Exercise aim:
Copy nothing but the text: reproduce each line of the listing exactly and leave the pictures out.

Stored data:
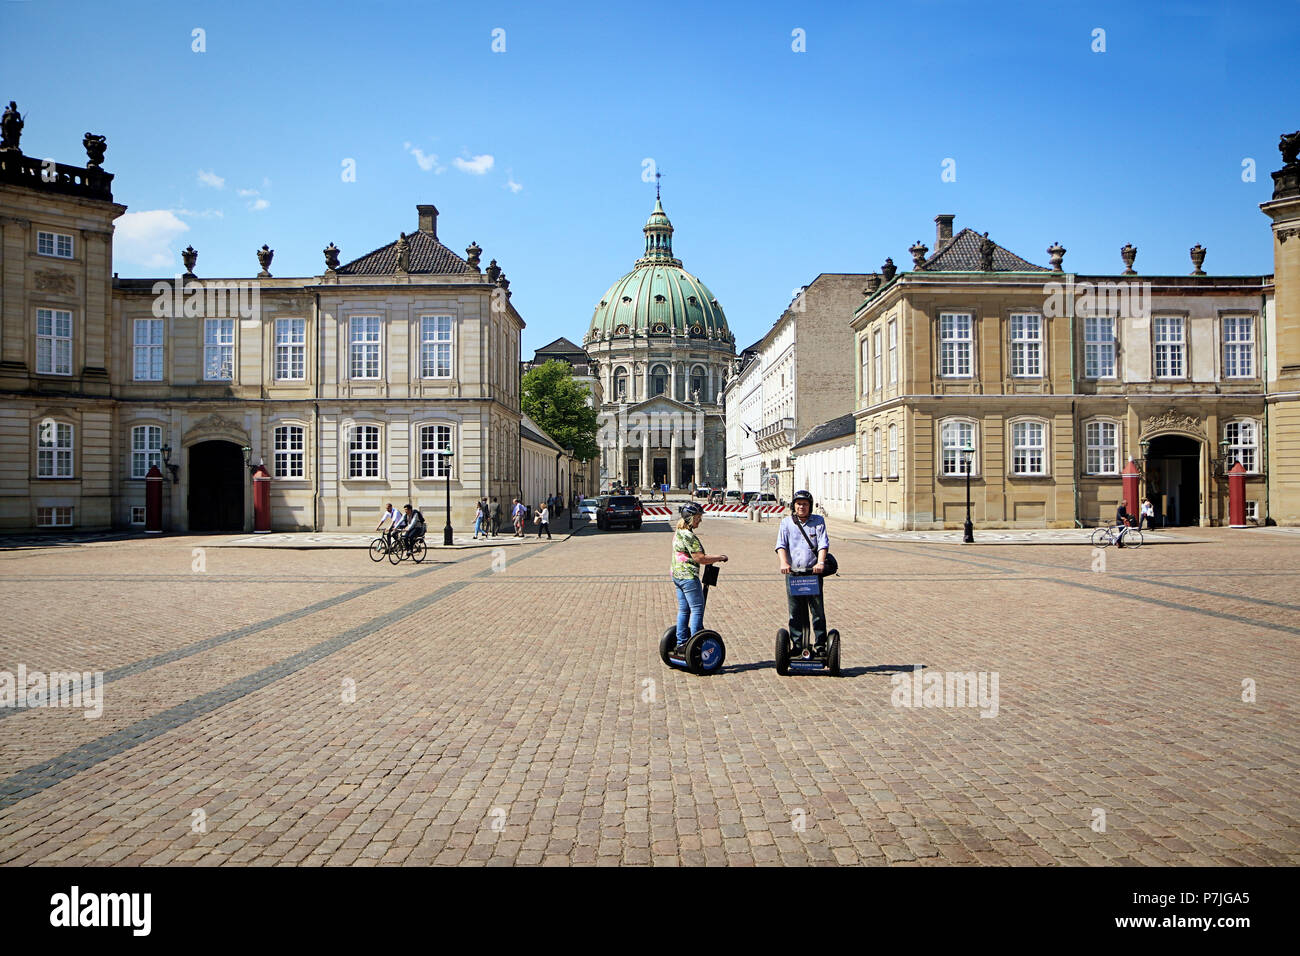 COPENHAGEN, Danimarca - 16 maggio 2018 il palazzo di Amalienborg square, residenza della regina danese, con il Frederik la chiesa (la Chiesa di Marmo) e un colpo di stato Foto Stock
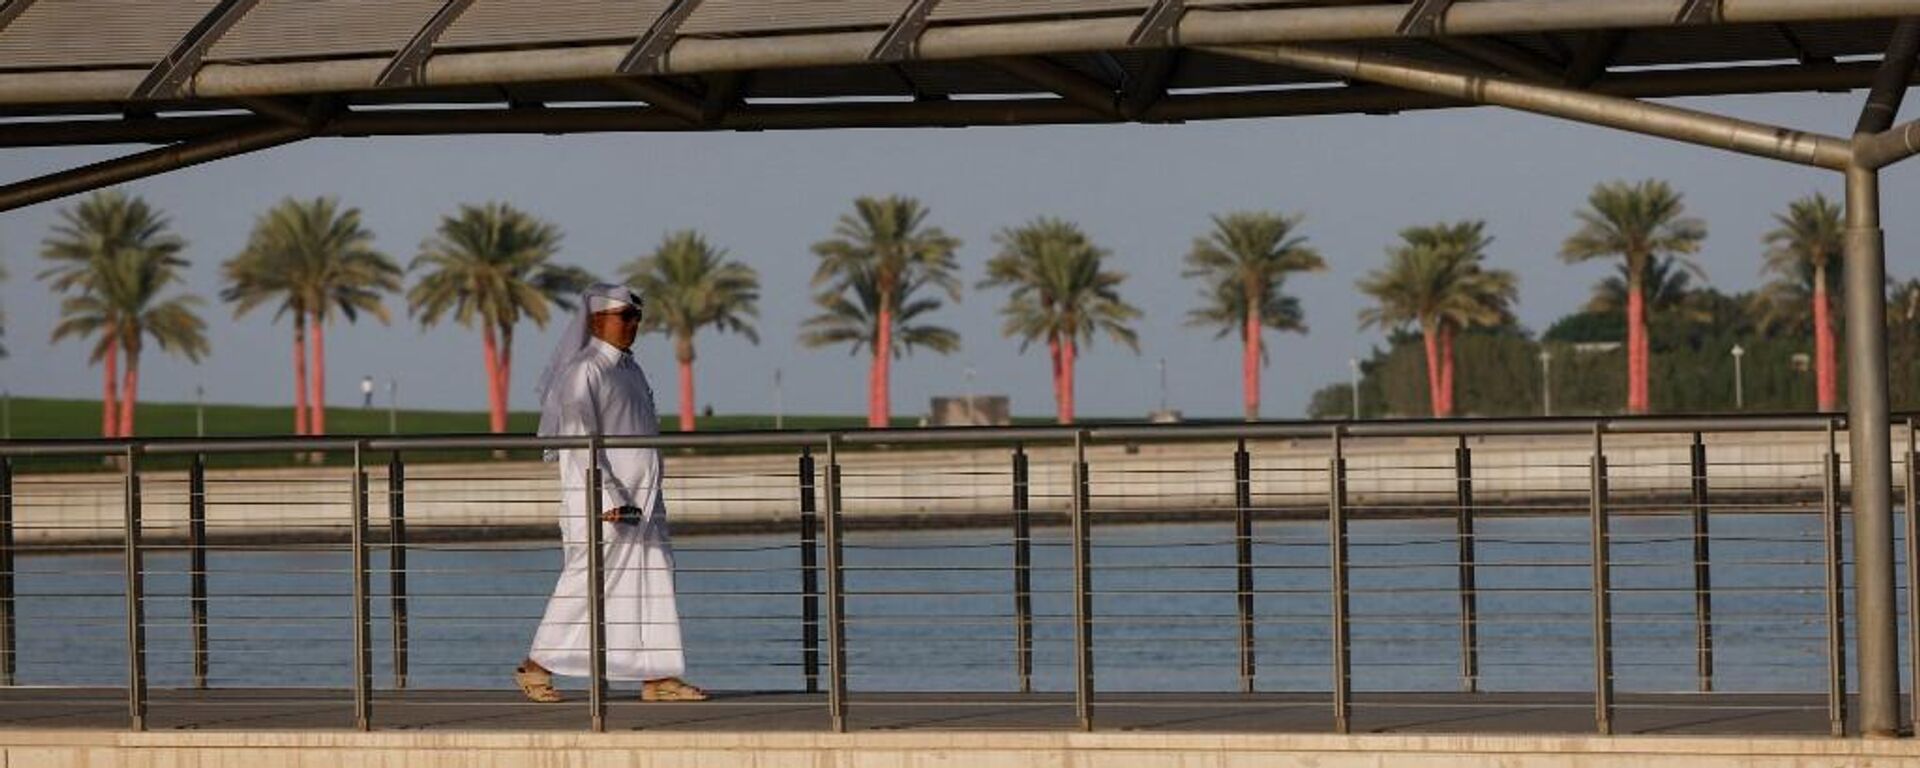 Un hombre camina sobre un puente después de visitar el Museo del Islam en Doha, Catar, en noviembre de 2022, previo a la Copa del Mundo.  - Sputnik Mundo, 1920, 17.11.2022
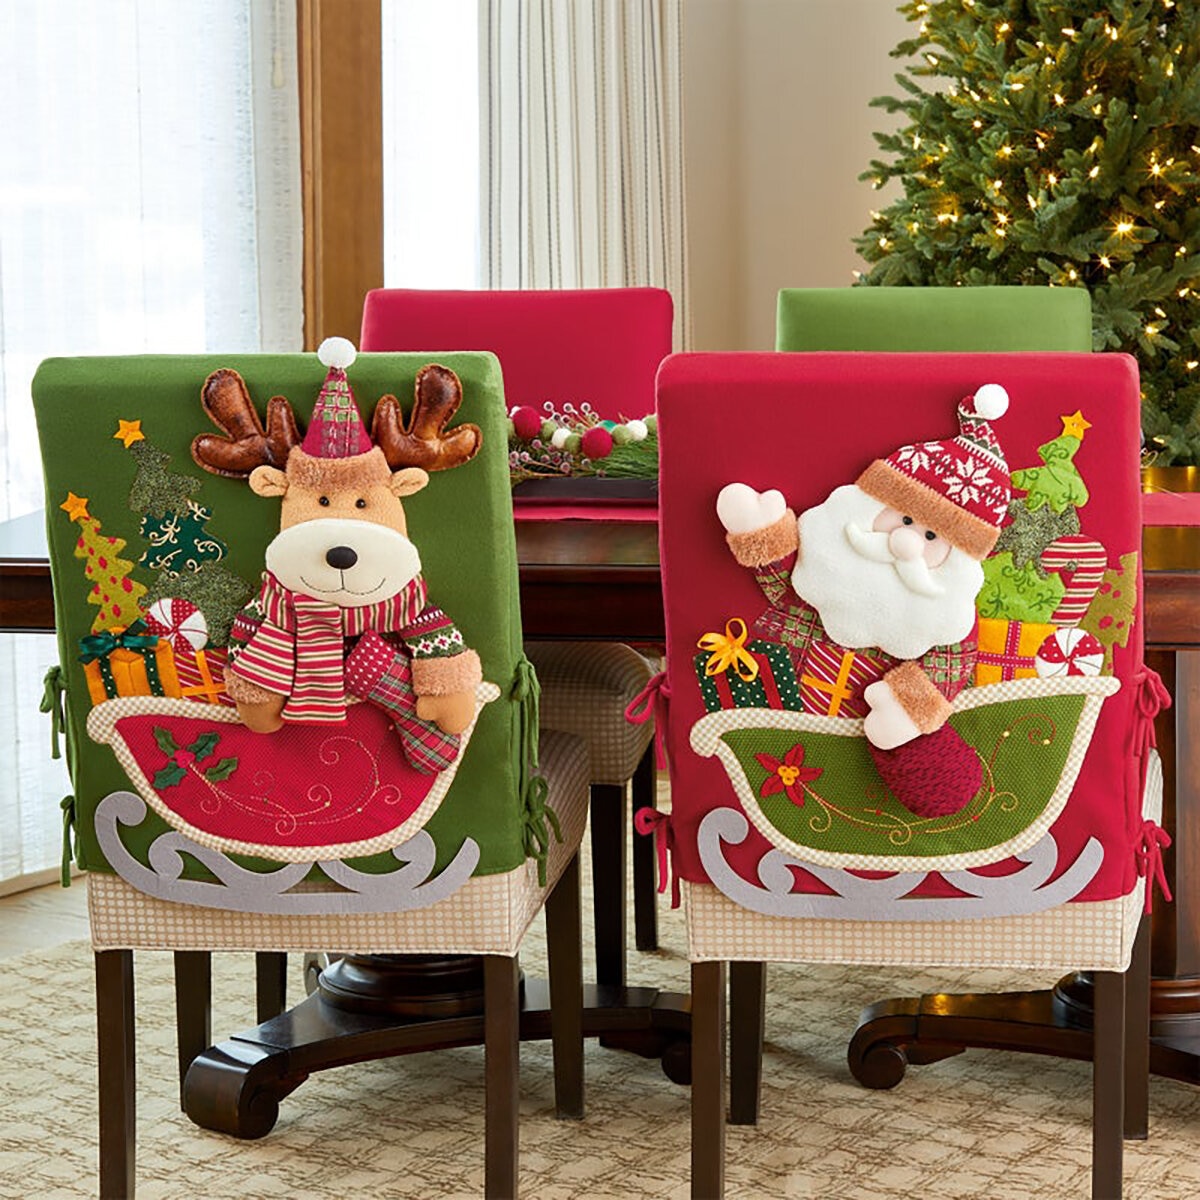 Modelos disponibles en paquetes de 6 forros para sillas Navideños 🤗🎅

Task answer:
 COPENHAGEN, Danimarca - 16 maggio 2018 il palazzo di Amalienborg square, residenza della regina danese, con il Frederik la chiesa (la Chiesa di Marmo) e un colpo di stato Foto Stock
 Un hombre camina sobre un puente después de visitar el Museo del Islam en Doha, Catar, en noviembre de 2022, previo a la Copa del Mundo.  - Sputnik Mundo, 1920, 17.11.2022
 Modelos disponibles en paquetes de 6 forros para sillas Navideños 🤗🎅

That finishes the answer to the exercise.